While aldermen are not OK with the city being a officer training facility for other bigger departments, Baker said they don’t blame those who choose to move on.
“We can’t give a $3 an hour raise to six cops on our budget. We don’t like it,” Baker said. “We’d like to have policemen stick around for 15 years. But for the individual policeman, if he can get three bucks an hour more at Taney County or Branson, it’s a smart family move, and I can’t condemn them for that.”
Baker said, in order to give raises, the city needs to bring in more income, which is something they have been working to do.
“The city had contacted several businesses to see if they would be interested in locating in Forsyth,” Baker said. “I’ve been on the council for several years, and we have done that every year. We’d like to have more business. Our income comes from sales tax dollars. We’d like to have more businesses in town, but that’s almost up to the individual with the business.”
Sanderson shared that many of the Forsyth officers have entertained other job offers, but have chosen to stick with Forsyth.
“It’s disheartening to come to work every day and know you could go somewhere else, but your heart’s here. You want to protect this city. You want to serve this community,” said Sanderson. “Everybody that gets into this line of work knows that it’s not going to be something that you get rich doing. But just to know that you’re appreciated and, in fact, have a little incentive to come to work every day.”
Sanderson said in order to make ends meet, some of the officers work a second full-time job, including himself.
“I can work two jobs. I don’t mind,” he said. “But I’m not dedicating my entire abilities to this community alone, and I want to. These guys all want to. This is a hardworking group of dudes.”

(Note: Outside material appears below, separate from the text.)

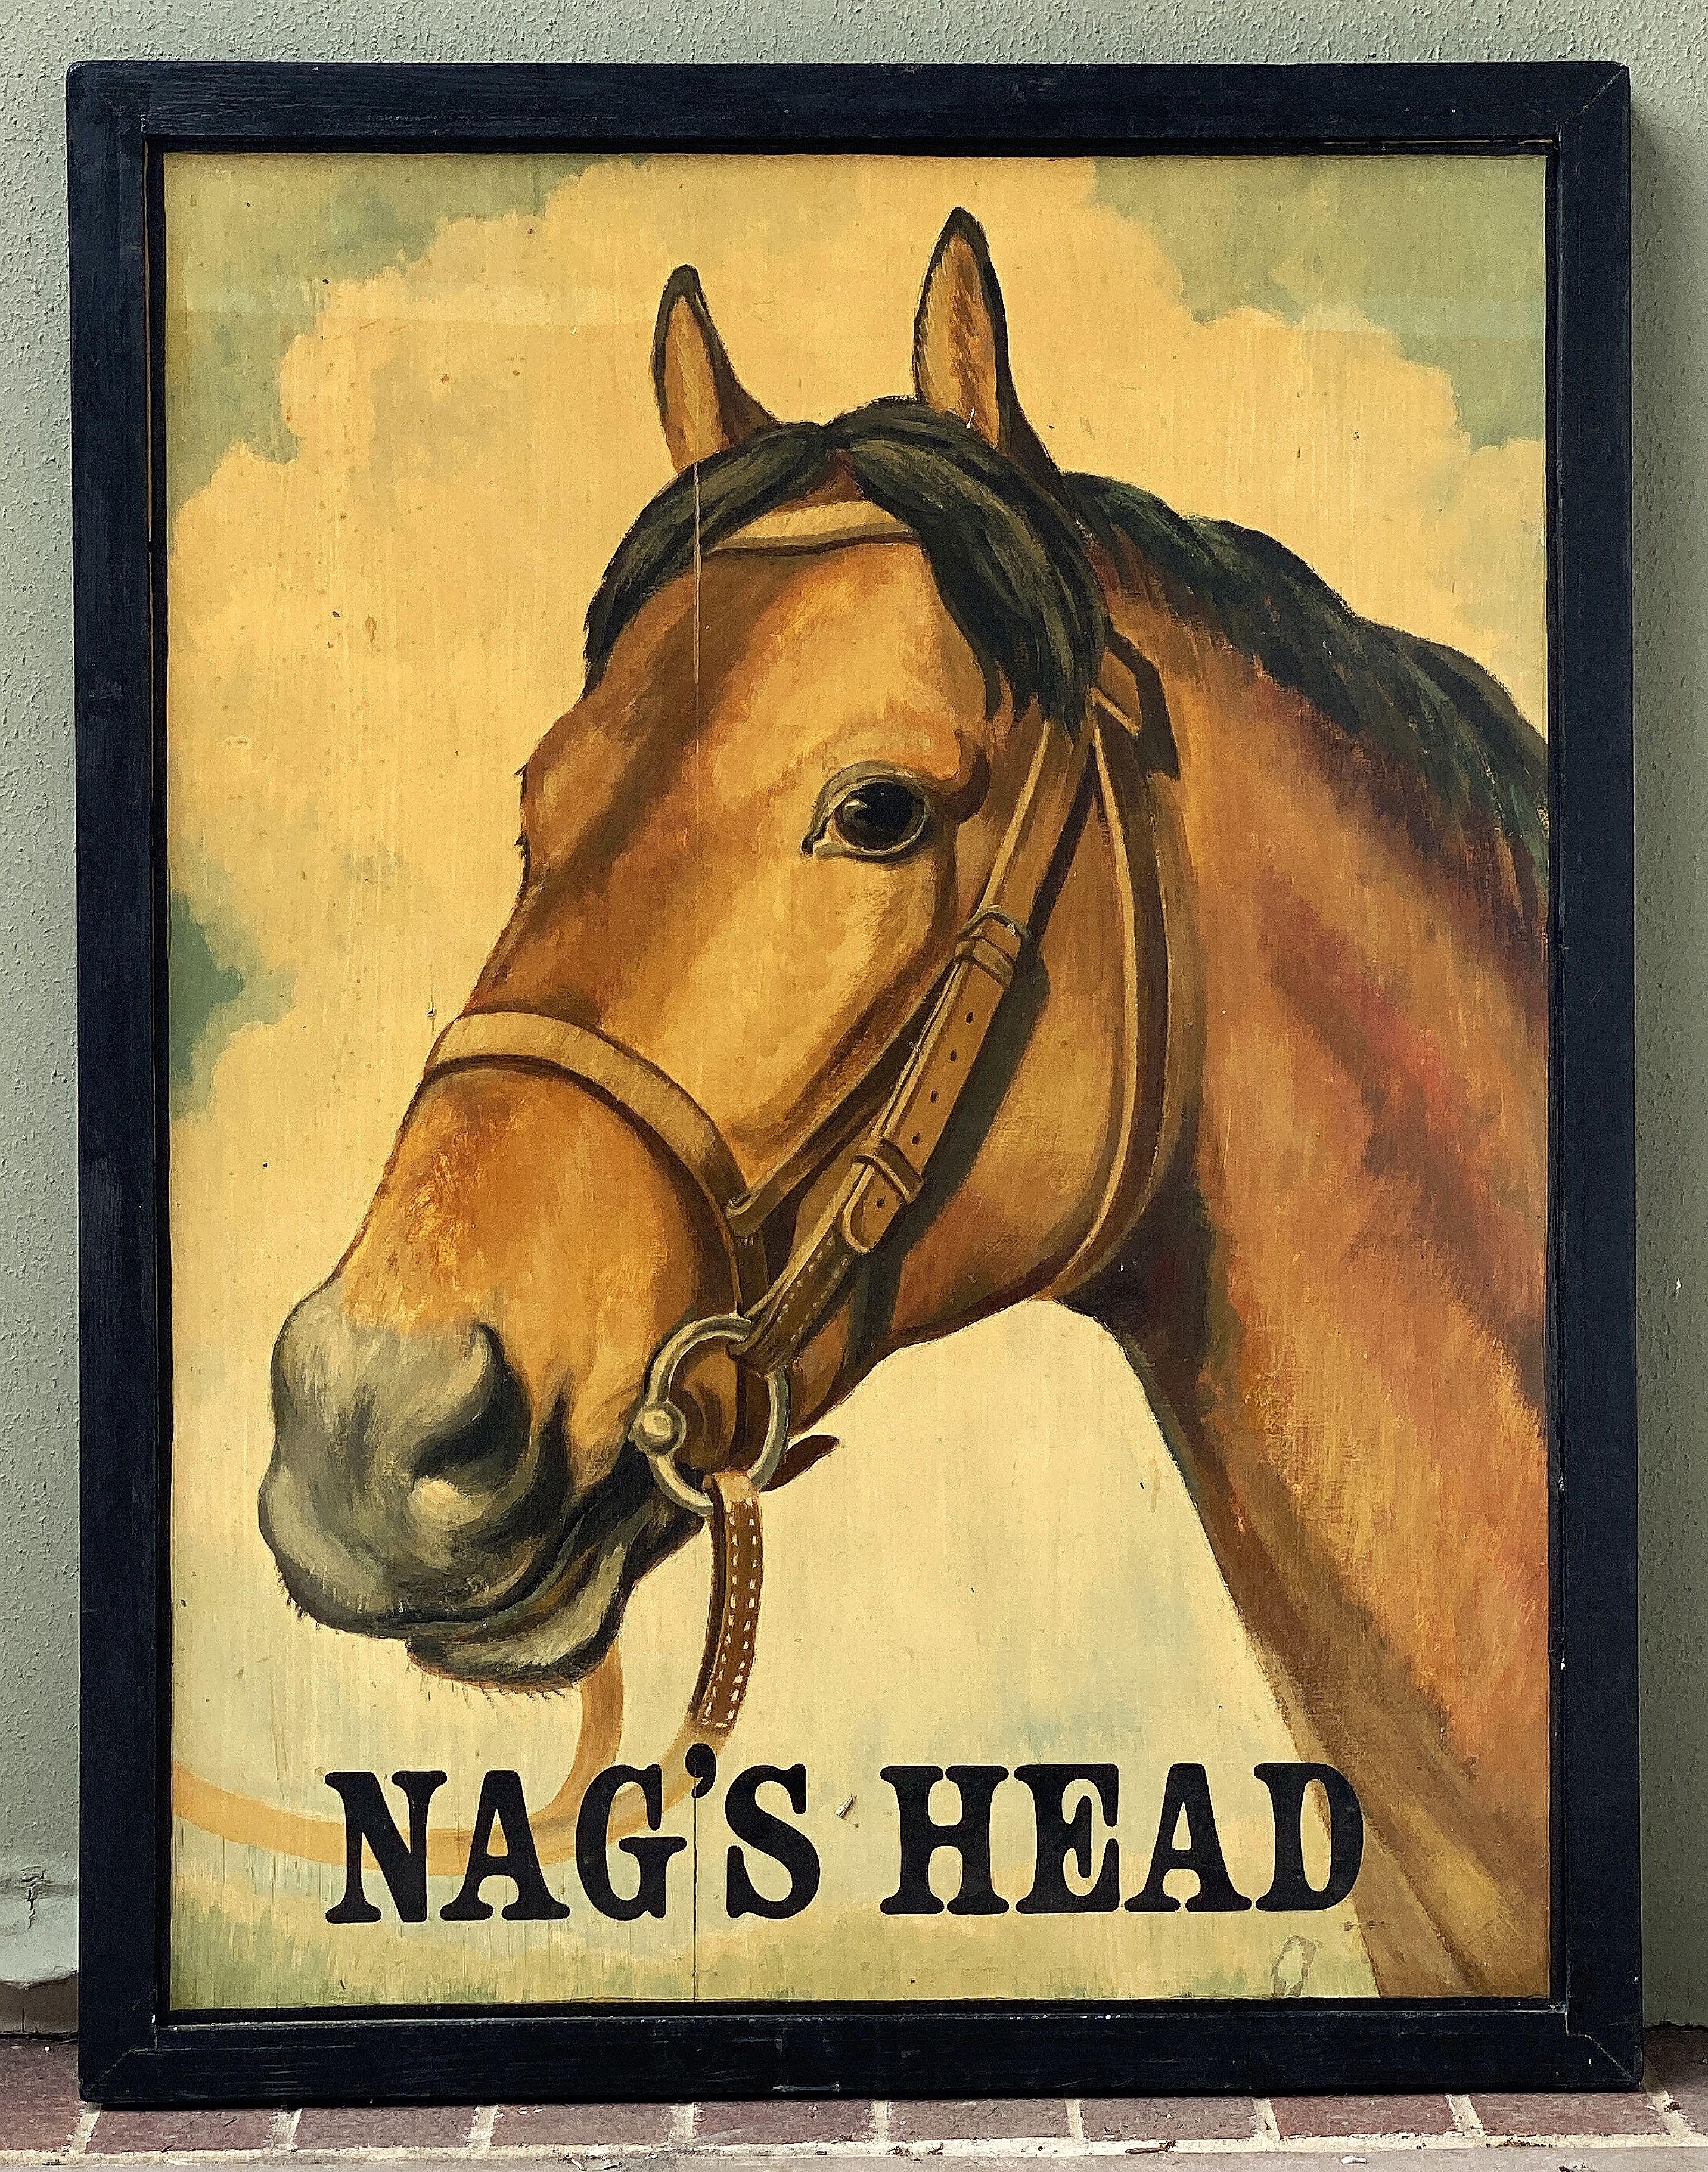 Ein authentisches englisches Pub-Schild (einseitig) mit dem Bild eines Pferdekopfes in einem Zaumzeug mit dem Titel: Nag's Head.

Ein sehr schönes Beispiel für eine alte Werbegrafik, bereit für die Ausstellung.

For the first time in several months, the Forsyth Police Department has a full staff of seven officers, which includes the chief. Because he’s salary and not hourly, Ellis said when he’s without a full staff he’s worked 12 hour shifts, seven days a week to make sure someone is always on patrol. Once the newly hired officer has completed field training, Ellis said he’ll be able to focus more on being the chief and not a patrol officer.